The loss of independent physician practice threatens to fundamentally reshape the historic relationship between doctors and patients as more doctors become beholden to their employers rather than the people they treat, said Duke University law professor Barack Richman, who studies antitrust law and health care policy. .
Research shows that when doctors work for a hospital system, they refer patients for more tests and more intensive treatment, which means higher profits for the hospital, Richman said. “Studies show that physicians practice differently,” he said. “You no longer have competition to keep patients based on the quality of physicians.”

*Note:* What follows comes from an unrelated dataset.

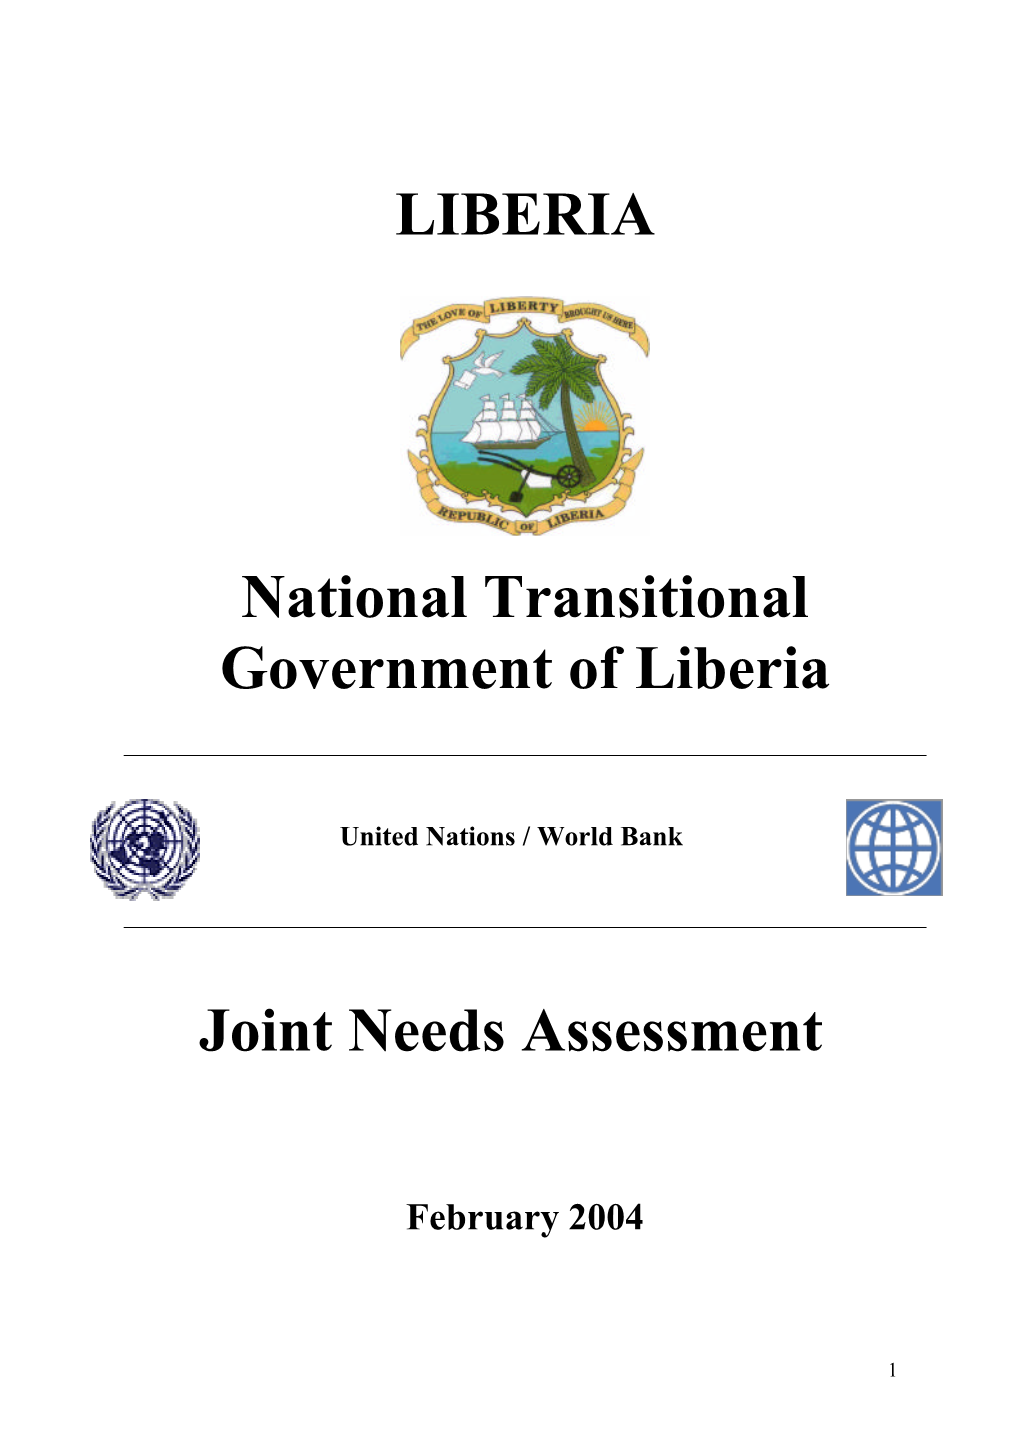 National Transitional Government of Liberia : Join Needs Assessment

Bush said he always dreamed of being an independent doctor who would answer patients’ questions and spend time getting to know them. He has worked at Sanford long enough that he deals with multiple generations of some families.
But Bush said he knows remaining independent will be difficult.
He began a new focus on bone care for patients but found that the government would not cover the full cost of the test and that many patients could not pay $60 out of pocket.
“It’s a poor, salt-of-the-earth community, and nobody cares about them,” Bush said. “If we close, they may have to drive 50 miles for care. They are not able to provide gas.”